These are ACTUAL violations of the constitution. Not your pretend violations. But whatever. Support the police. Never speak out against their behavior. I FULLY expect an excuse from you along the lines of “oh well they were just trying to keep the peace”. The riots were because our rights are violated by the police. To fix that, their only solution is to violate MORE rights?


----------



## otto105 (Aug 30, 2022)

Correll said:


> A rioter is a rioter. Lefty ones get treated with kid gloves and rightys get the book thrown at them. That is an injustice.
> 
> 
> YOu can deny if you want. People will notice and respond accordingly. You ready for that?


We're ready for everyone who entered the Capitol that day to face judgement of our laws.

Just as we are about criminal elements who committed violent acts at BLM protests (which include rightwing nuts).


----------



## Correll (Aug 30, 2022)

Marener said:


> Marener said:
> 
> 
> > No, it’s not a violation of rights to prosecute Jan 6th rioters. Its a nonsense claim.
> ...




Hundreds of riots with dozens killed? I  would hope there would be SOME of cops actually doing their jobs.

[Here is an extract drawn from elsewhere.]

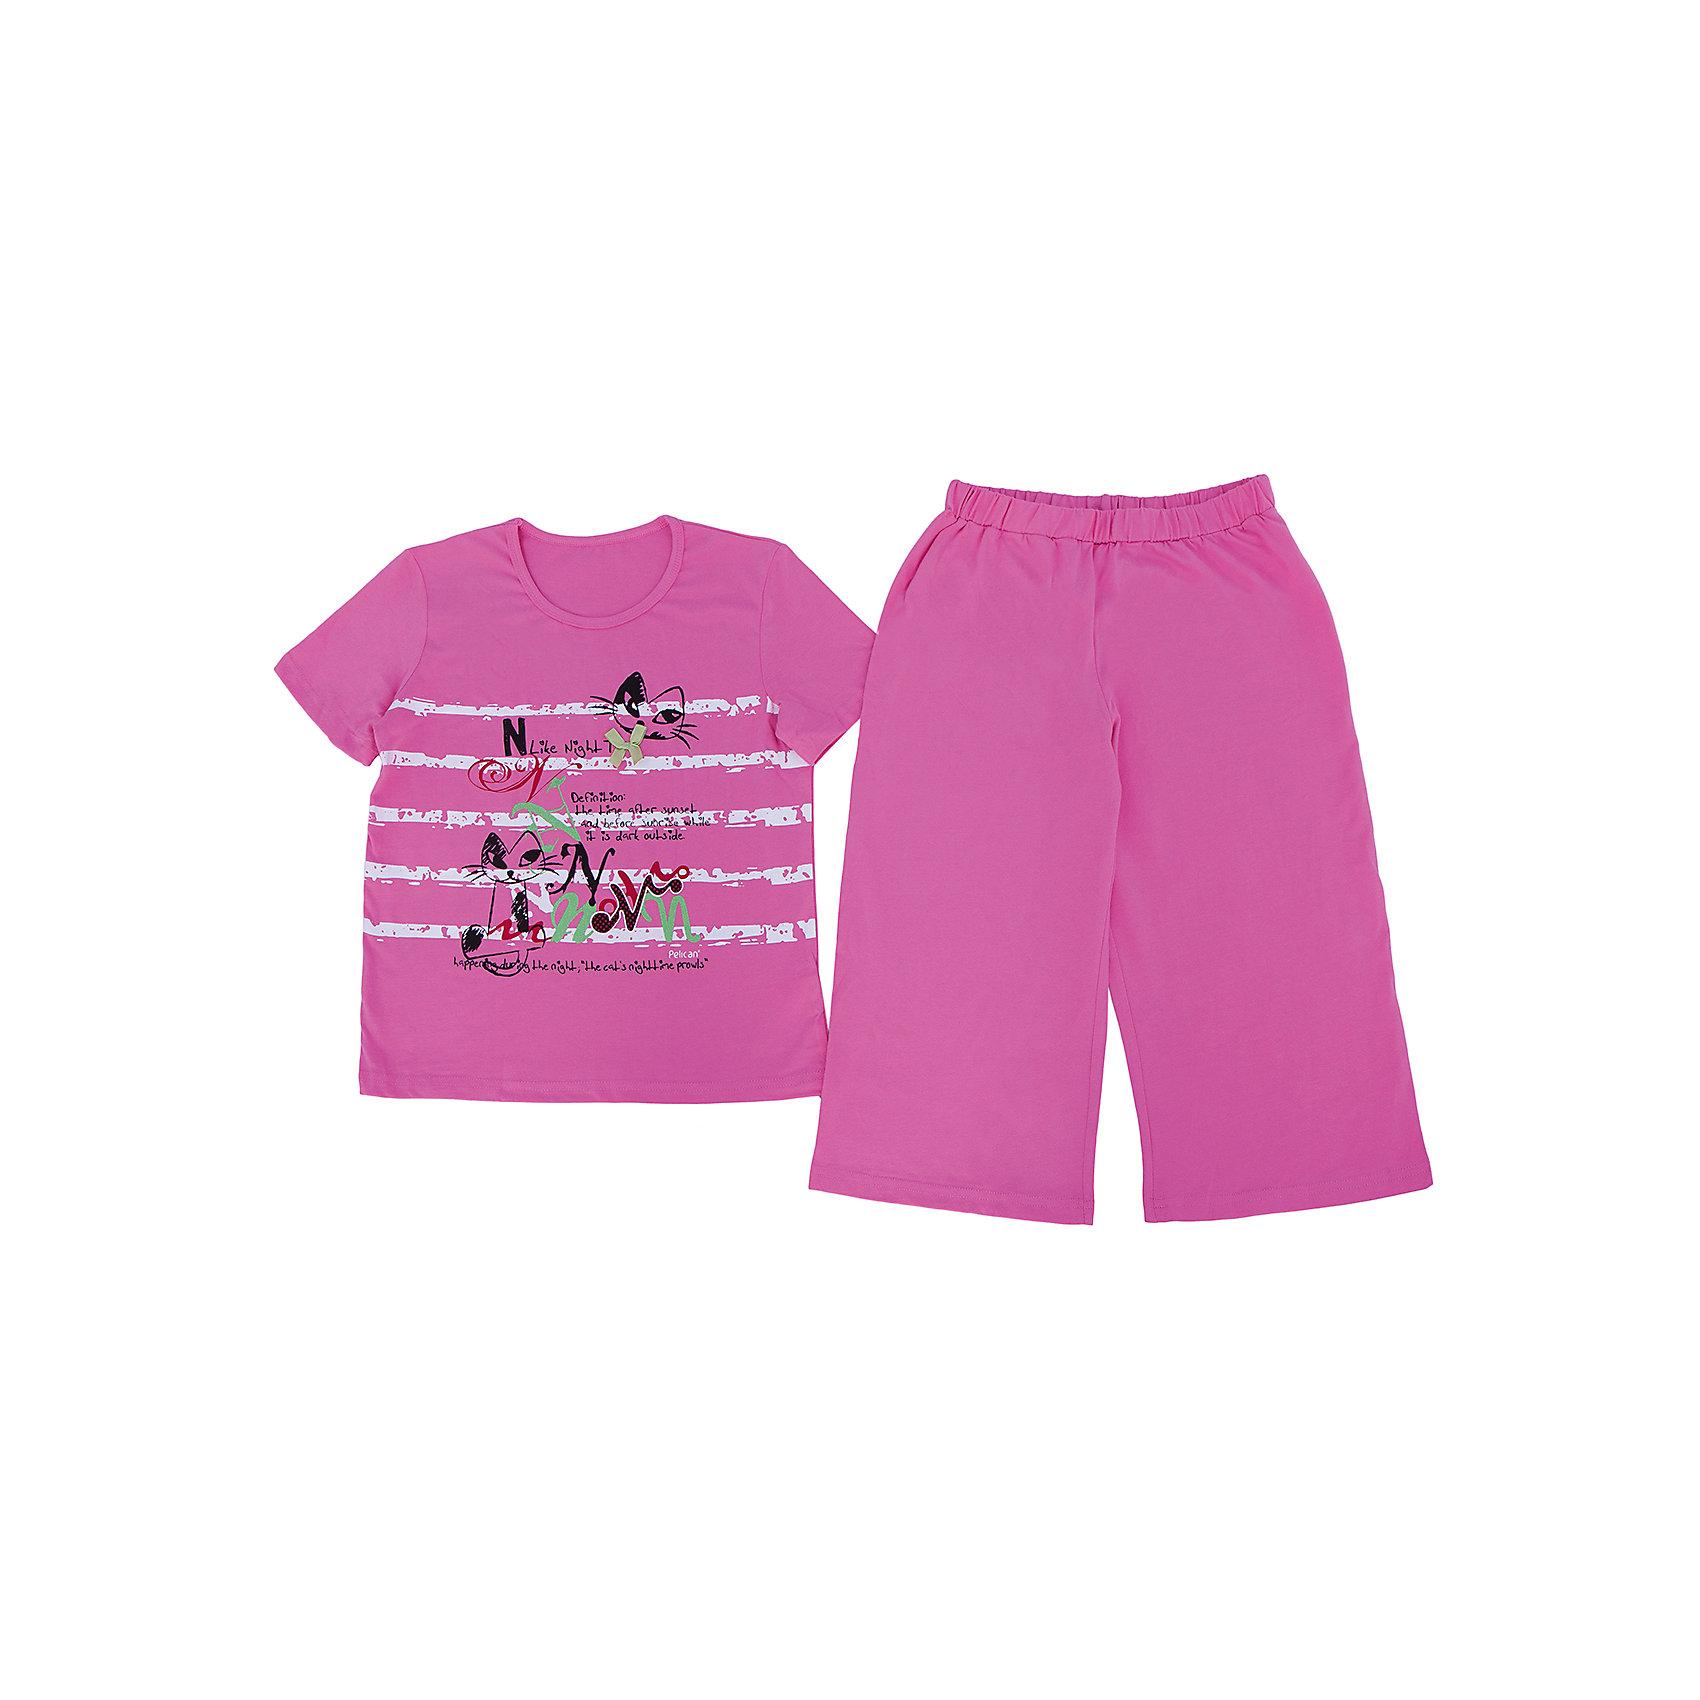 Пижама для девочки PELICANСимпатичная пижама состоит из длинных шорт и футболки. Удобные трикотажные изделия обеспечат комфорт во время сна. Мягкие резинки на рукавах на сдавливают кожу и не мешают кровообращению.  <br>Пижама украшена оригинальным принтом. Материал - легкий, отлично подходит для лета, состоит преимущественно из дышащего натурального хлопка. Очень приятен на ощупь, не вызывает аллергии.<br><br>Дополнительная информация:<br><br>материал: хлопок;<br>цвет: розовый;<br>с принтом;<br>рукава короткие.<br><br>Пижама для девочки от бренда PELICAN (Пеликан) можно купить в нашем магазине.<br><br>Ширина мм: 281<br>Глубина мм: 70<br>Высота мм: 188<br>Вес г: 295<br>Цвет: розовый<br>Возраст от месяцев: 108<br>Возраст до месяцев: 120<br>Пол: Женский<br>Возраст: Детский<br>Размер: 140,122,128,134,116<br>SKU: 4805121
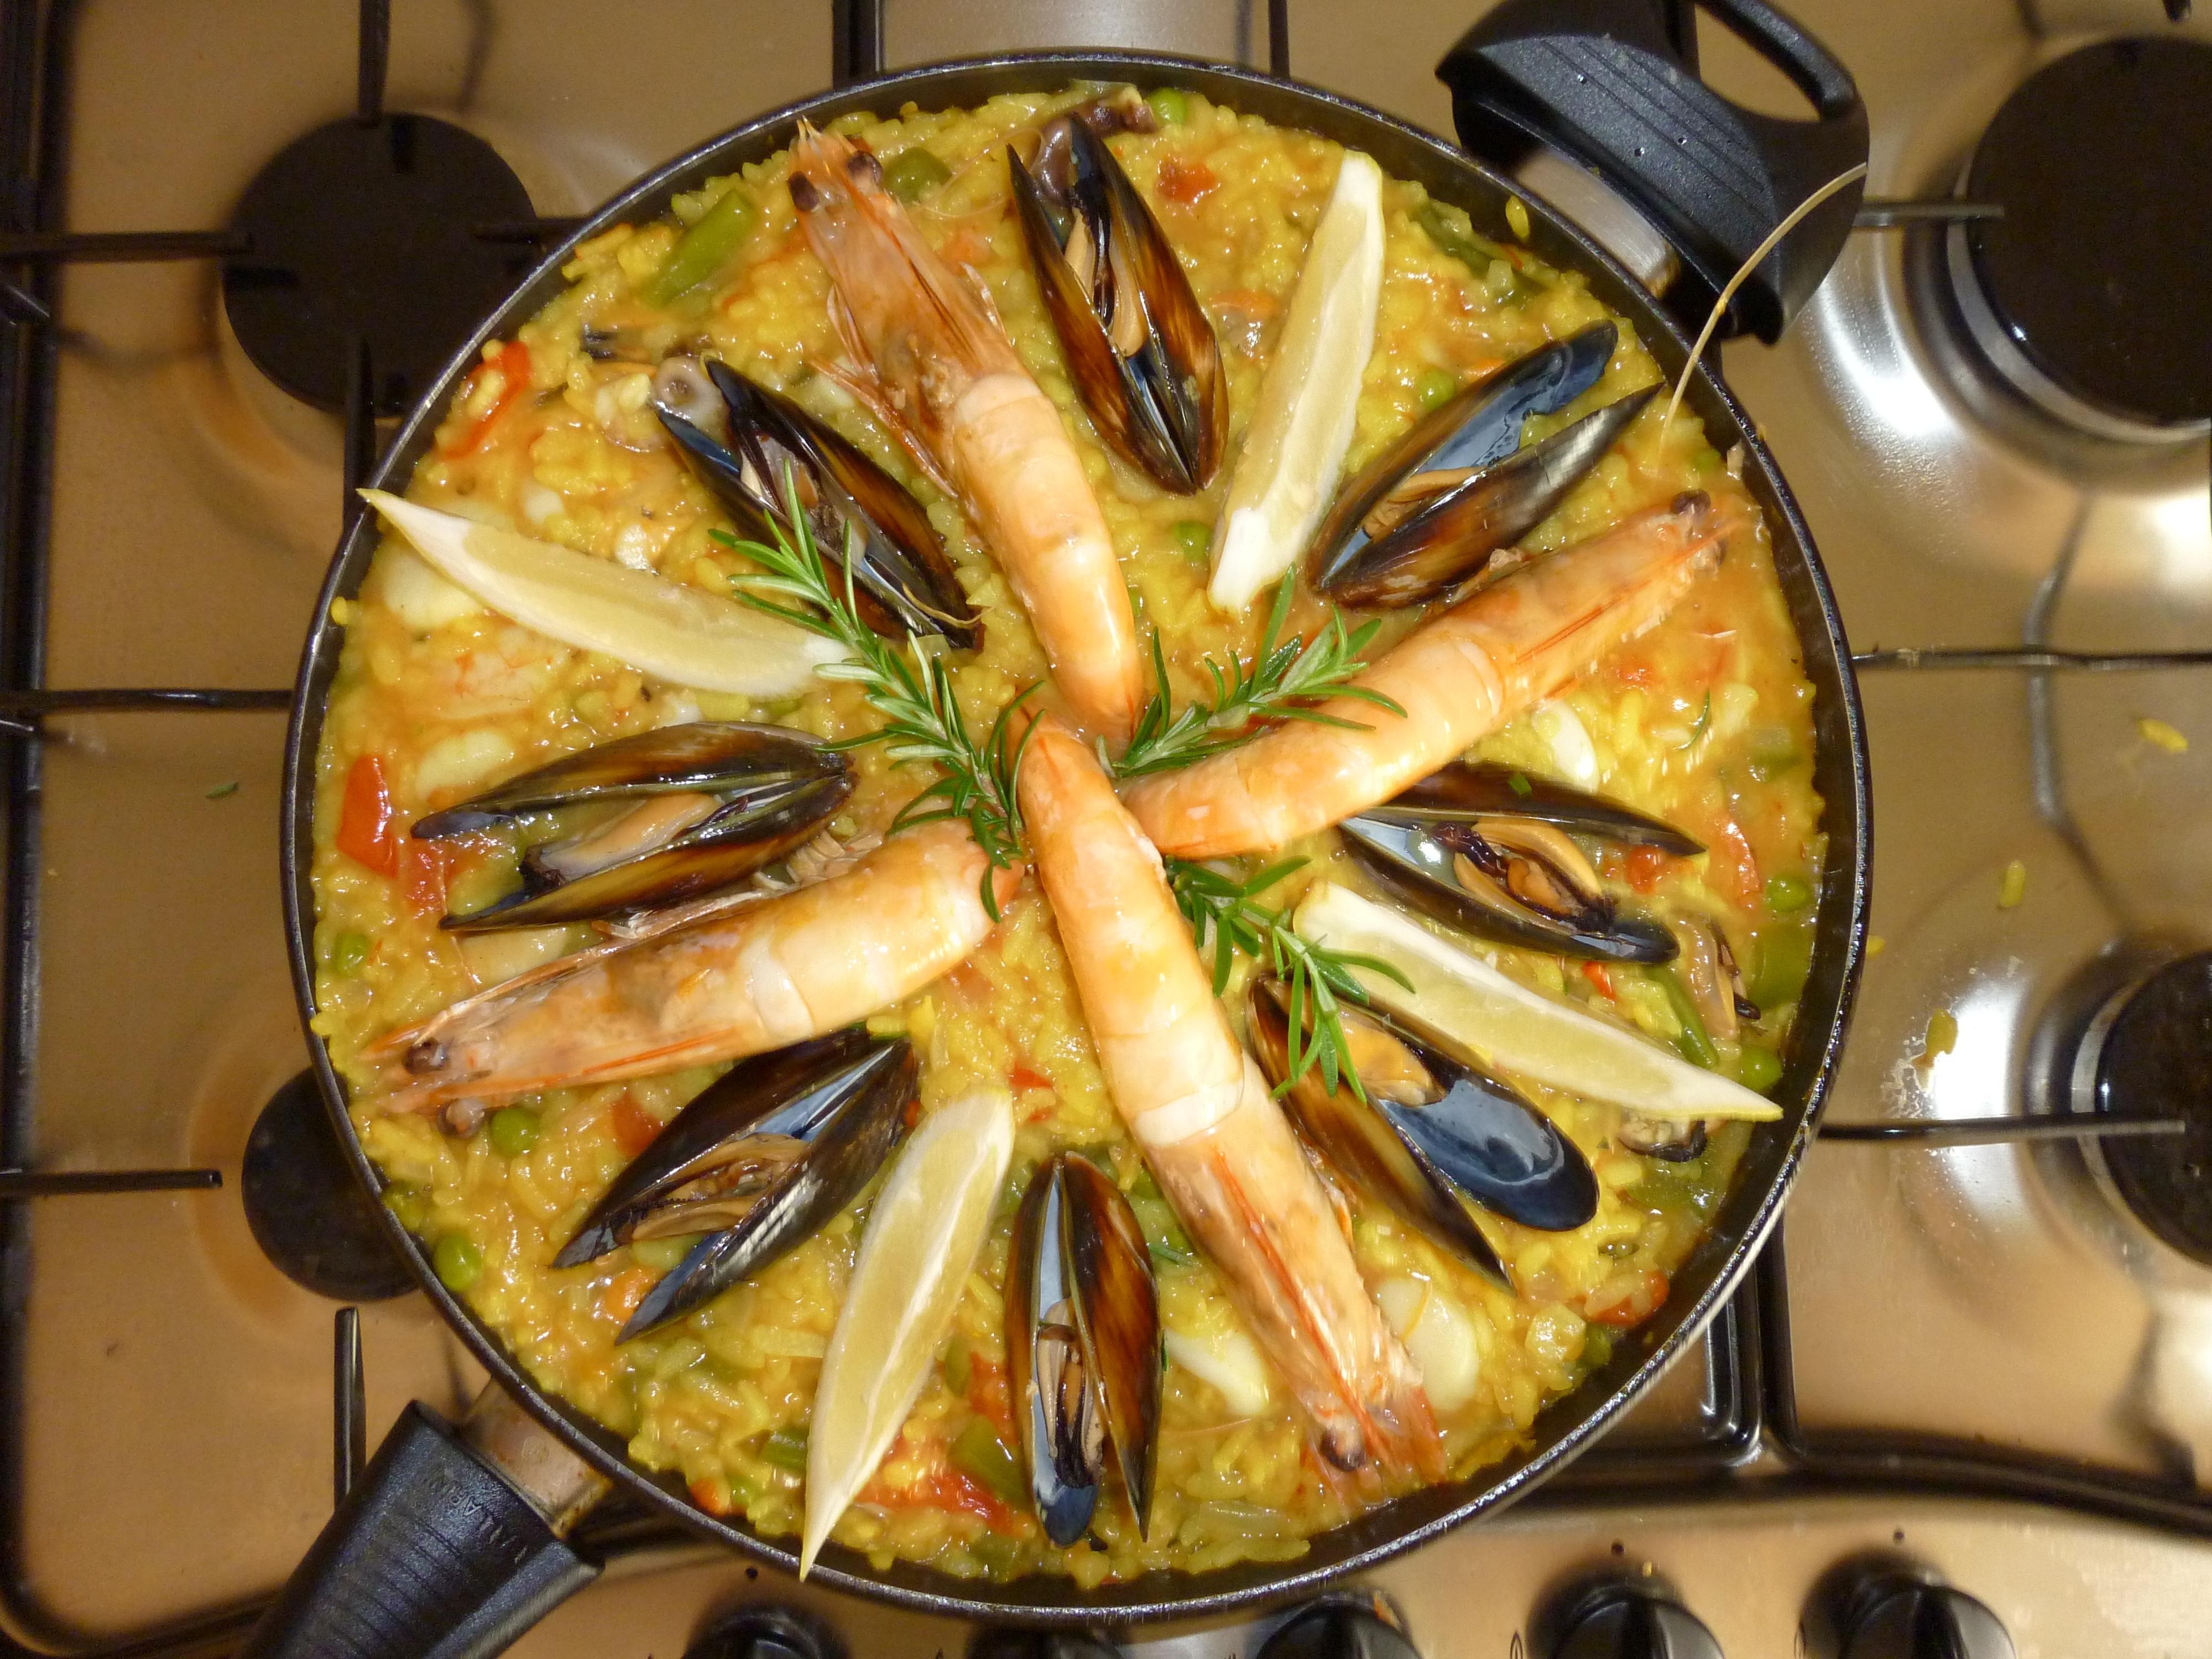 Gratis Afbeeldingen Restaurant Schotel Maaltijd Middellandse

Meanwhile, generally speaking, cops were ordered to stand down, or even support the rioters, I mean, peaceful protestors, and the very, very, very few right leaning riots from 1/6, are being targetted like they, oh, I don't know, killed dozens and did hundreds of millions in damages....


----------



## Marener (Aug 30, 2022)

Correll said:


> Hundreds of riots with dozens killed? I  would hope there would be SOME of cops actually doing their jobs.
> 
> 
> Meanwhile, generally speaking, cops were ordered to stand down, or even support the rioters, I mean, peaceful protestors, and the very, very, very few right leaning riots from 1/6, are being targetted like they, oh, I don't know, killed dozens and did hundreds of millions in damages....


Generally speaking you’re full of shit. There are episodes of cops being told to stand down. There’s FAR more episodes of cops going out and engaging in unconstitutional acts of violence in the name of law and order with essentially no oversight. The cities had to pay out many millions in damages for the cops behavior who face no actual consequences. 

They have been prosecuting people who engaged in violence during the summer 2020 riots. You cited a misleading statistic about dropped charges bedside, unlike Jan 6th, people were arrested largely indiscriminately. 

Like I said, you should think outside your media bubble. Otherwise you’ll be misled.


----------



## Lastamender (Aug 30, 2022)

Marener said:


> Generally speaking you’re full of shit. There are episodes of cops being told to stand down. There’s FAR more episodes of cops going out and engaging in unconstitutional acts of violence in the name of law and order with essentially no oversight. The cities had to pay out many millions in damages for the cops behavior who face no actual consequences.
> 
> They have been prosecuting people who engaged in violence during the summer 2020 riots. You cited a misleading statistic about dropped charges bedside, unlike Jan 6th, people were arrested largely indiscriminately.
> 
> Like I said, you should think outside your media bubble. Otherwise you’ll be misled.


Bullshit, every Democratic shithole tells their cops to stand down until it is the Mayor's house. Why do think the cities are so dangerous, moron.


----------



## Correll (Aug 30, 2022)

otto105 said:


> We're ready for everyone who entered the Capitol that day to face judgement of our laws.
> 
> Just as we are about criminal elements who committed violent acts at BLM protests (which include rightwing nuts).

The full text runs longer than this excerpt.